I suppose this update is rather overdue (like my library books always are), but I felt ridiculous writing when it seemed like there was nothing to write about. Just a few hours ago (6:30 this morning) I arrived back from a school trip to Spain. We were on the bus most of the time, and I never want to set foot on one again honestly. I rather feel I need a vacation to recover from the trip; it was very high pace, lots of moving and traveling. Spain was beautiful though. To get there and back we drove through Austria, Italy, France and Monaco. We stayed a night in Canne and explored Monte Carlo a bit on the way home as well. In Spain we spent time in Barcelona, Valencia, Seville, Granada, and Cordoba. Spain is a beautiful country, and it was nice to understand some conversation around me for once.
One of the best things that came out of the trip was that I met two very nice girls, who helped me with my Hungarian and both speak fluent English. It is always so nice here to make new friends here, as it seems so much more difficult to do so than it was at home. I found oddly enough that towards the end of the trip I was just wanting to be back in Budapest, where I can just walk all day without hearing “Siettek” (Hurry Up). Plus one of the things I LOVE about Budapest is the public transport, and the fact that I never have to drive in a car. Truly I don’t like driving much, well I like driving, just not ridding in cars.
In other news I am quite alone for the next few weeks as my best friend here in Budapest is off traveling for a while. I am happy for her, but a tad lonely nonetheless.
This update is looking pretty shit, I am sorry. I heard a funny saying yesterday. “The devil invented Hungarian while he was drunk” It sounds plausible. I think I have heard that before, though I can’t remember where. I Hungarian is still shit, sometimes it feels like I will never learn to speak well. I feel like an idiot when people talk to me, I just smile and nod like I understand.
At times I feel like a bad exchange student, a sort of failure for not knowing the language by now, or for feeling sad or homesick. I really do love it here in Hungary, but I would be lying if I said it wasn’t difficult. I can’t regret my choice in being here though, because the good far outshines the shit. The amazing people I am meeting. The strangers that reach out their hands, just because they care. It really makes you see the bigger picture.
If any prospective outbounds read this than I want to say that if you are not going to be in your Junior or Senior year while you are away, wait. It is hard enough being almost 17 in a pretty liberal central/eastern European country, but it is even more difficult when you are younger. When you are away you want more freedom, and you are less likely to have it if you are barely 15 or 16. Really, I am saying this because once you arrive you will wish you had waited. Also, who want to go back for 2 (!) more years of high school?
I really love Budapest, the city is just so alive and lived in. It is dirtier I suppose than many of its more western counterparts, but I love it all the same. Budapest has such life and history, that is always encompassing you, wherever you go.
Lastly, I am still surprised when people ask me about Sarah Palin, 6 months ago no one would care about our Governor; but now she is internationally news worthy.

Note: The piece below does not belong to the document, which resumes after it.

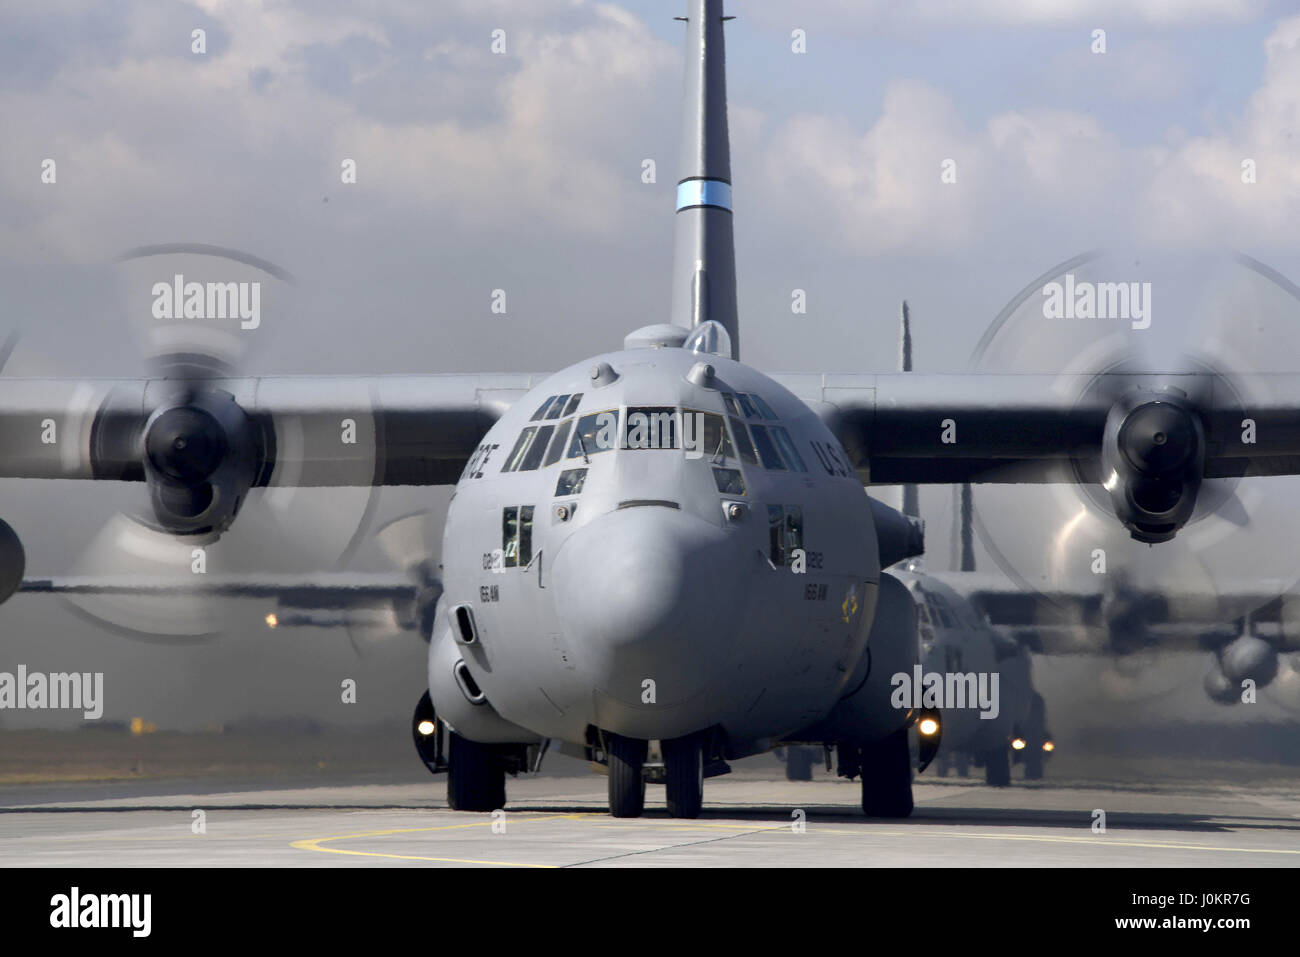 C-130 Hercules aircraft, Lockheed C-130 Hercules military transport aircraft Stock Photo
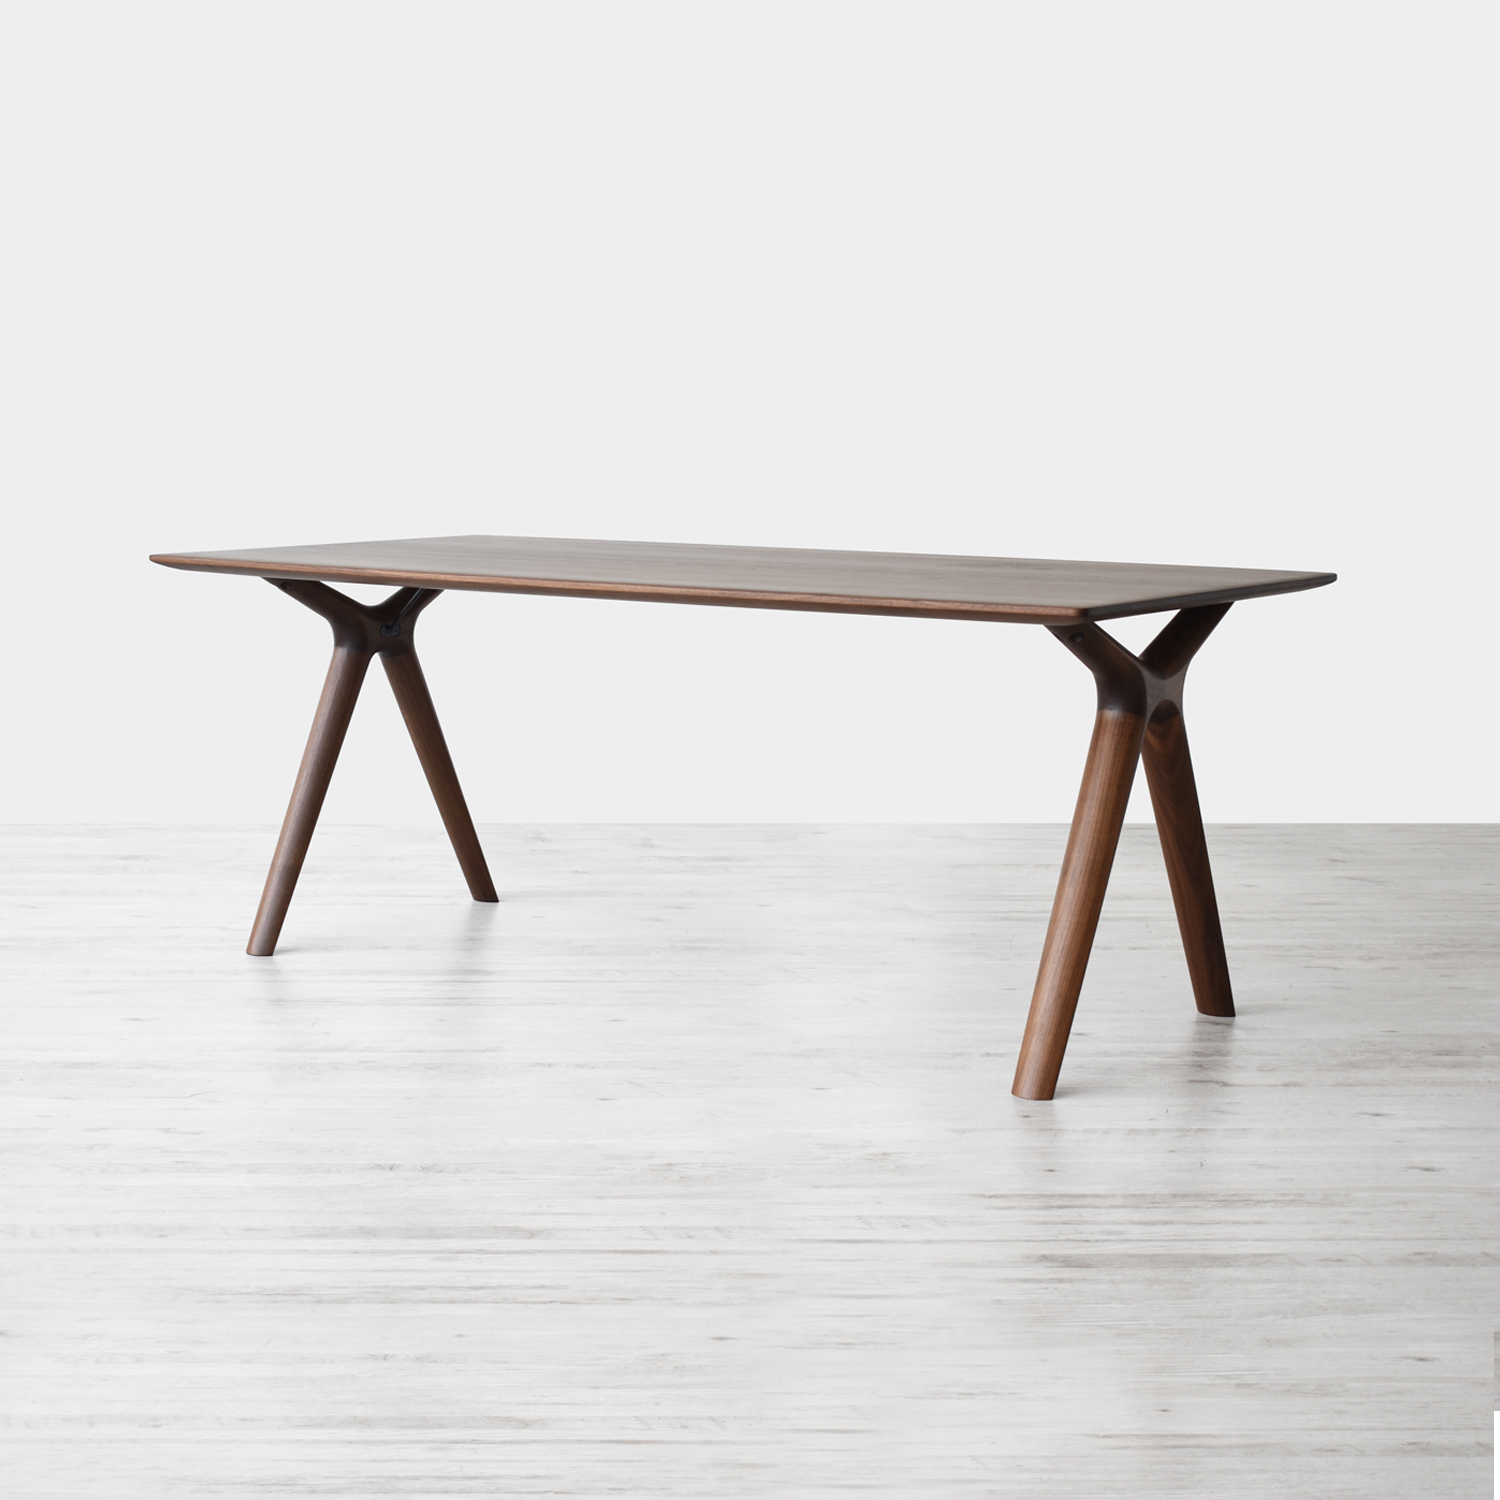 起立木工 テーブル「ラディウス」ウォールナット材 セラウッド塗装 全4

I even have a news paper from the day I arrived with Sarah on the Front page. Also many people seem to think that they should always tell me how the politics in the us should change, or what is wrong with them, or the people, or who should win the election. It is difficult to defend ones self sometimes in the face of such strong international opinions. But for the most part people aren’t too rude about it, just curious; all eyes are defiantly on the United States in the next few day. Everyone want to know what is going to happen on the 4th. I seems strange to me to be observing such am important event in my country from an international vantage point. No matter who you are voting for, just remember to go out and do it.
This post is the majority of my most recent update that I sent home, I only took out some specifics. Honestly I am just feeling too lazy to write a separate update for a post. So to anyone who actually knows me and receives said emails, sorry for the repeat.